I either have to change the tsconfig each time or use a CLI exclude flag that can be added to another node script. Of course there are solutions but I prefer the flexibility of an exclude flag on the CLI

staplespeter avatar May 28 '23 11:05 staplespeter

I also have this exact same usecase. I would like to compile my code without tests so that I can quickly prototype something and then fix the tests at the end.

AlJohri avatar Aug 17 '23 17:08 AlJohri

#54410 is somewhat related.

remcohaszing avatar Aug 17 '23 18:08 remcohaszing

is there an option to do this?

maelp avatar Mar 12 '24 12:03 maelp

It seems natural to expect parity between the command line flags of the tsc cli and tsconfig.json. For instance, webpack supports a cli where "Any parameters sent to the CLI will map to a corresponding parameter in the configuration file."

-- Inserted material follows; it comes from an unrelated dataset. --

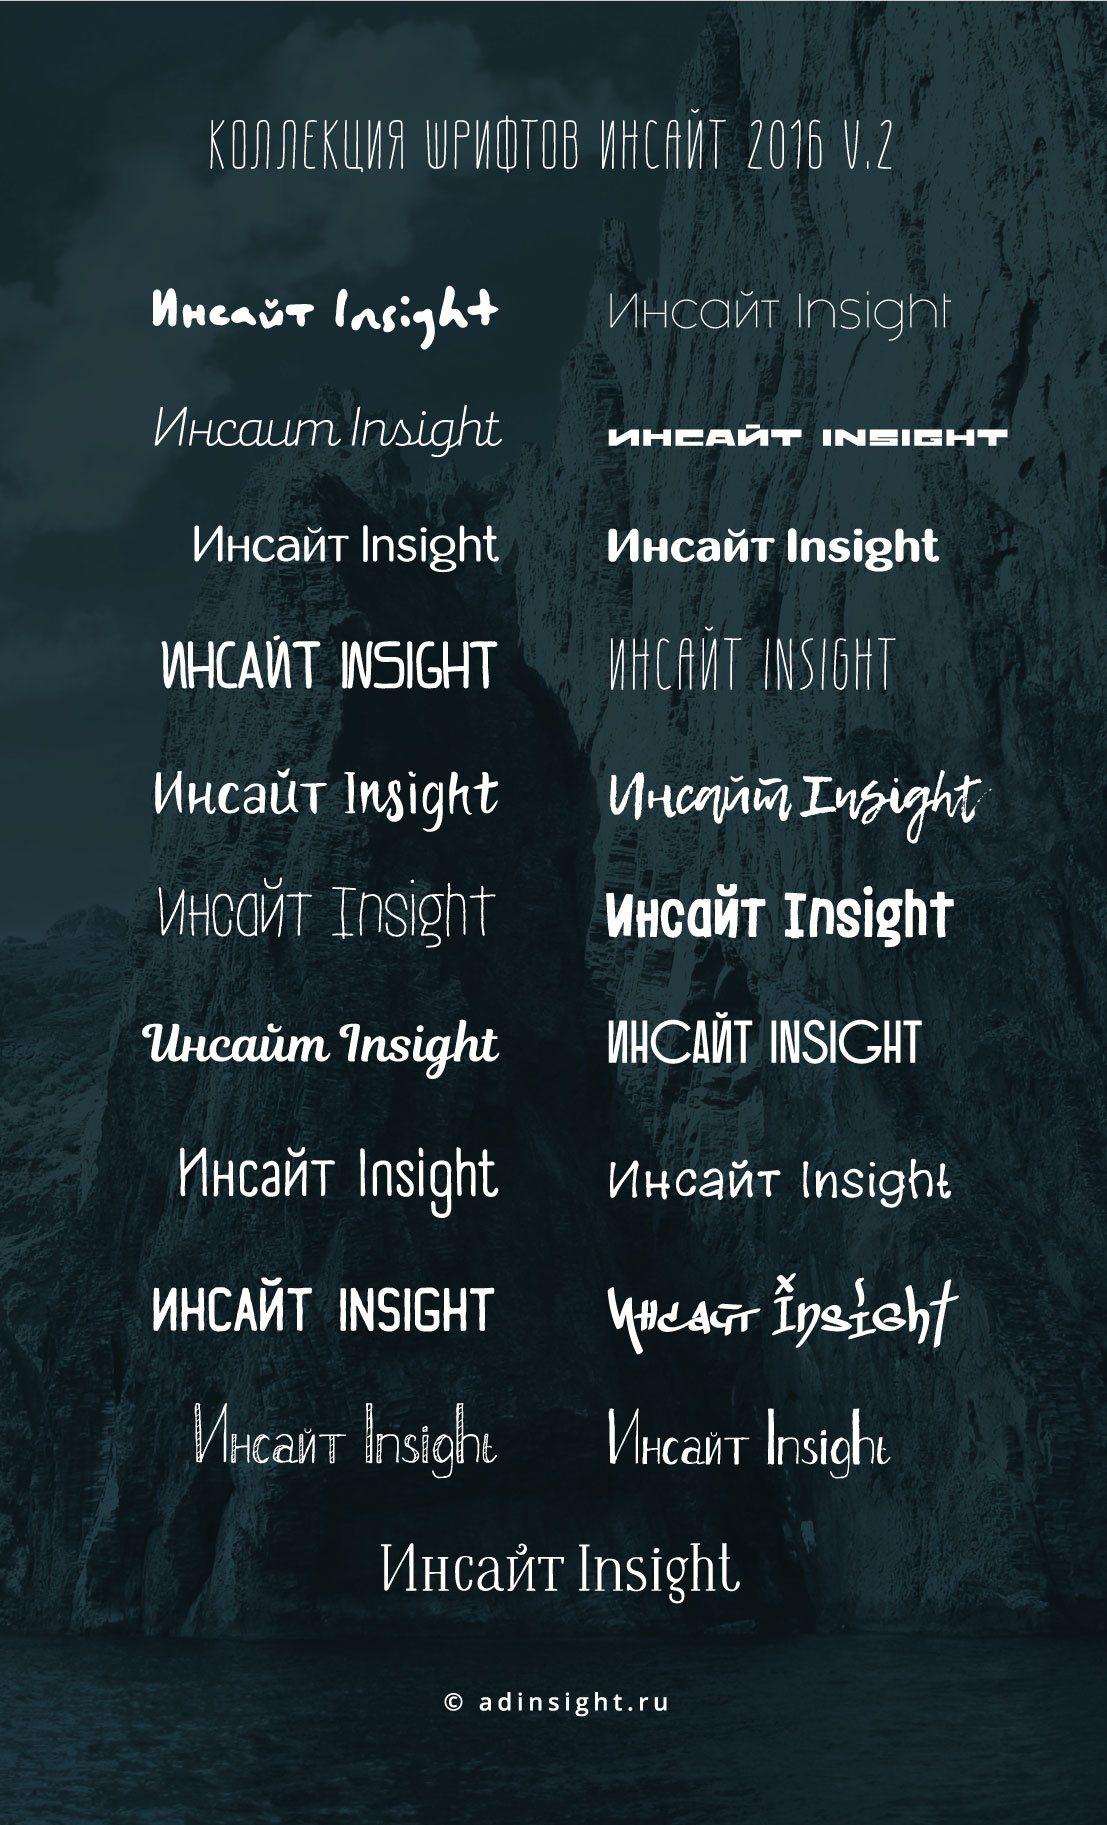 Коллекция шрифтов Инсайт 2016 v.2

My use case is that I'd like to download a github repo by tag with the degit tool, make no changes to the repository (Not create an additional tsconfig.declaration.ts), and generate declaration files for the repo simply by executing.

tsc --declaration --emitDeclarationOnly --declarationDir ./myDeclarations --exclude "src/**/*.spec.ts"

I want this to be a helper npm script in my project root as "postinstall":, where I would rather not need to invoke touch to create the custom tsconfig as it would break platform compatibility.

MatthewSkingley avatar May 16 '24 12:05 MatthewSkingley

Have we heard any comment from anyone on the TypeScript team? This has been open for almost 3 years with many folks having similar needs and no response? I would greatly appreciate it if the TypeScript team could at least acknowledge the "issue", maybe provide a recommended "workaround" and if the TypeScript team down not feel this is a good thing to add to the CLI then it would be wonderful to have an explanation. Thanks!

GitMurf avatar Jun 03 '24 21:06 GitMurf

Why has this not been done? This is a no-brainer.